# Well This Should Start Some Discussion....



## egregg57 (Feb 13, 2006)

Well my DW has decided that she _REALLY_ wants to go to Gettysburg. Not sure of the dates but we will probably take a weeks vacation, leave on a Friday evening and leave on the following Saturday.

She's not a big fan of long trips with out a stop so we will probably stop in northern Connecticut on the way down Friday night and Southern Connecticut on the way up on Saturday afternoon.

So you PA Outback, Dog and Trailer people....

Hell froze over....

Well, then again it is the year of the Zombie Apocolypse...

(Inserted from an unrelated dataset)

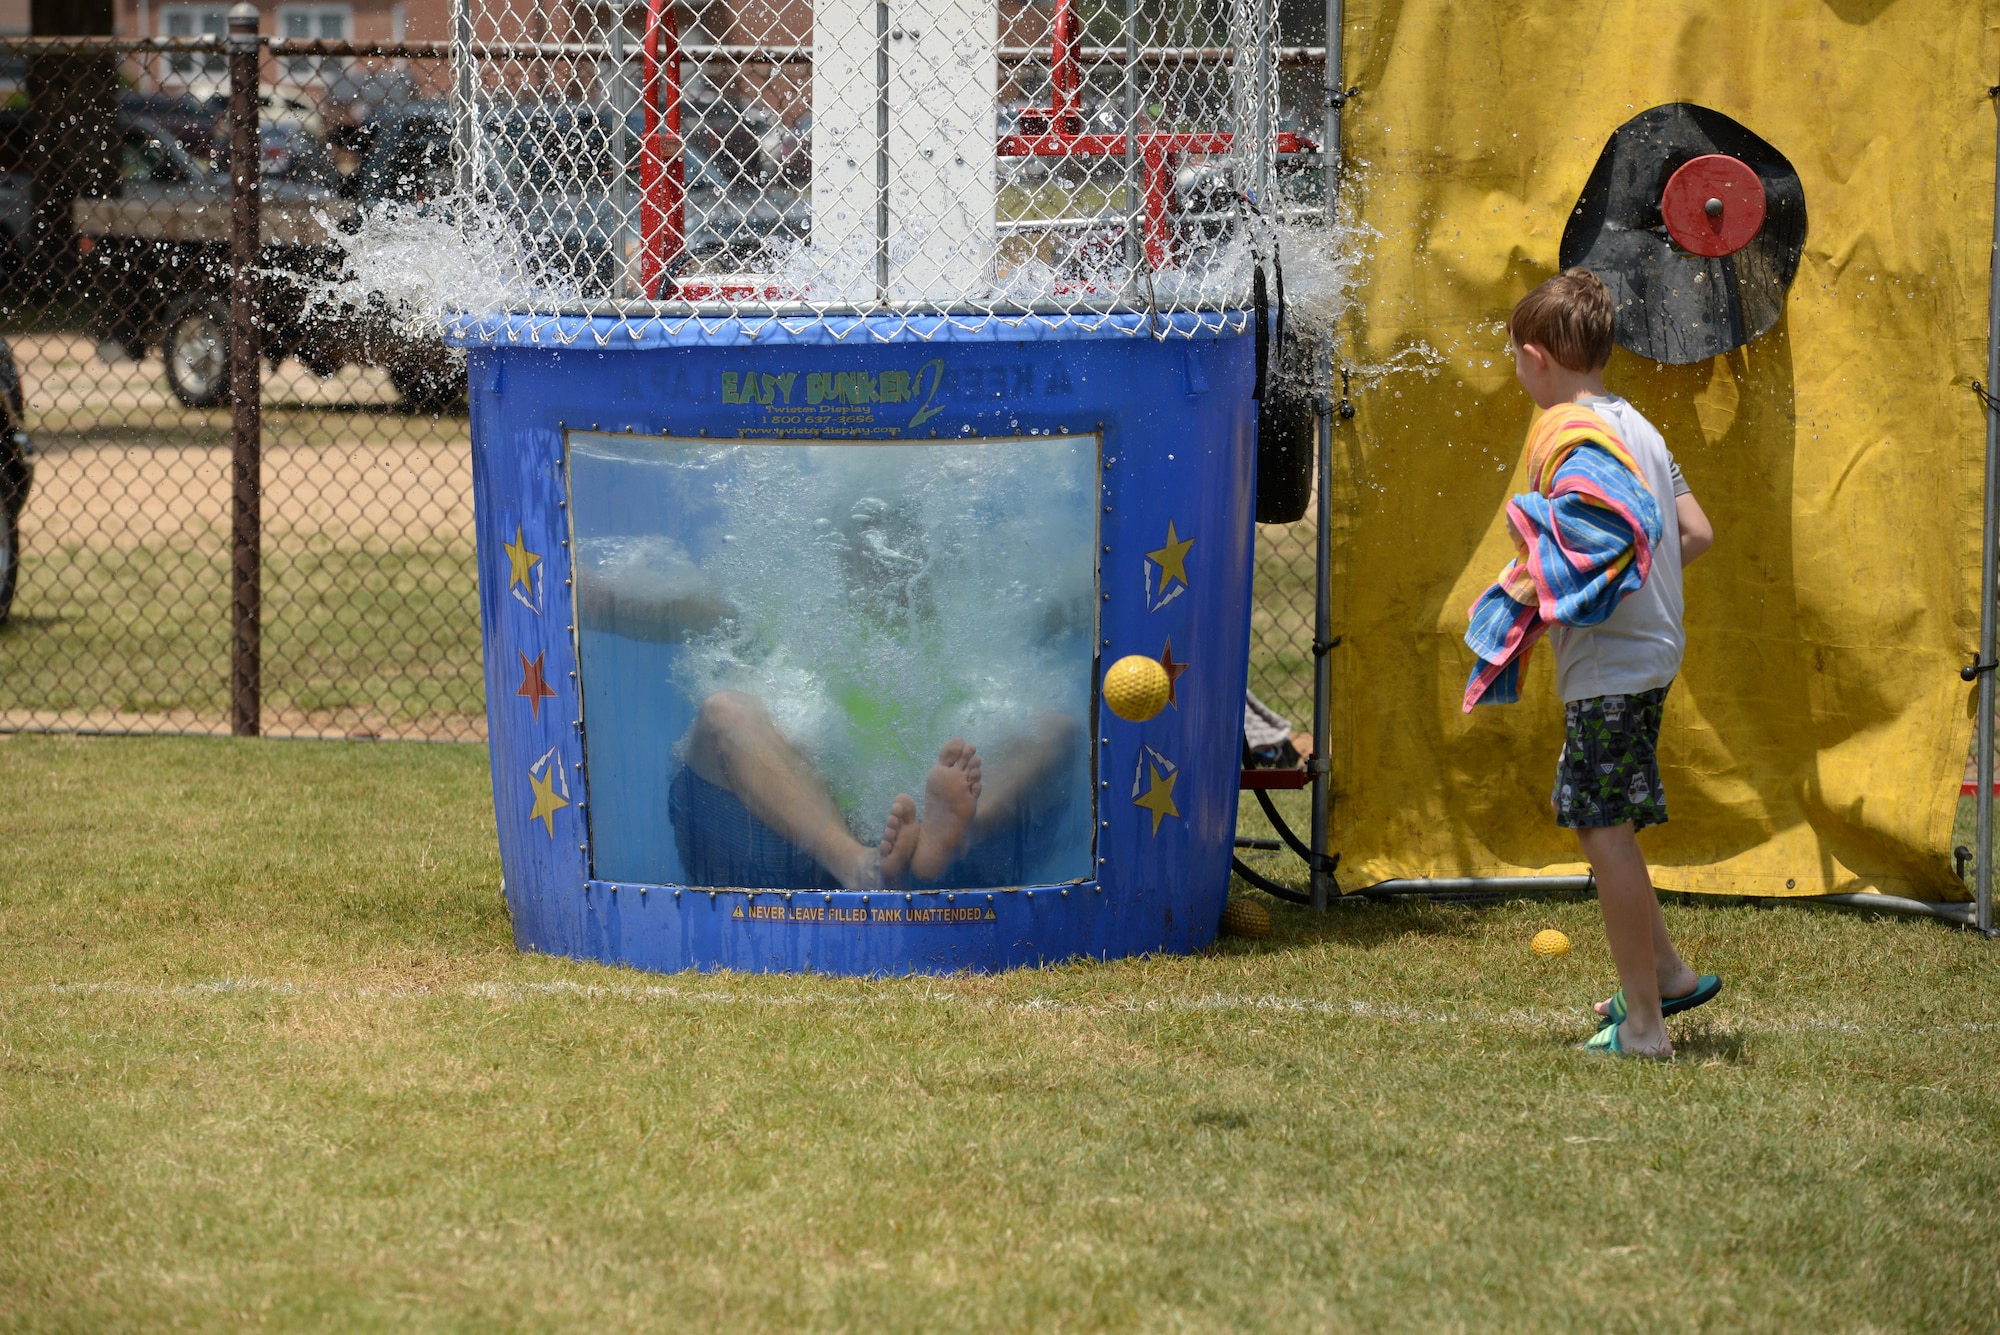 Airman 1st Class Spencer Hurlburt, 14th Operations Support Squadron Airfield Systems technician, drops into the dunk tank Aug. 4, 2017, on Columbus Air Force Base, Mississippi. Face painting, multiple inflatable water slides and a dunk tank were available at the End of Summer Bash, a family friendly event on Columbus AFB. (U.S. Air Force photo by Airman 1st Class Keith Holcomb)

If I don't get PA in now.. well I might not have a chance....
.
.
.
.
.
.
.
.
.
.
.
.
_*Wait a minute!*_ 
.
.
.
.
.
.
.
.
WHAT IF the Zombies are in PA!!.......


----------



## CdnOutback (Apr 16, 2010)

egregg57 said:


> .
> WHAT IF the Zombies are in PA!!.......


They'll be joined by one more?...


----------



## egregg57 (Feb 13, 2006)

CdnOutback said:


> .
> WHAT IF the Zombies are in PA!!.......


They'll be joined by one more?...








[/quote]

Hmmmm.... uuuurrrrrrggghhhaaaahhhh.....Maybe










Looks like this is going to be a last week in April thing for us!


----------



## Joonbee (Jan 18, 2008)

We will most likely make this happen so we can spend some time with one of our favorite New Hampshirians and family.

Jim


----------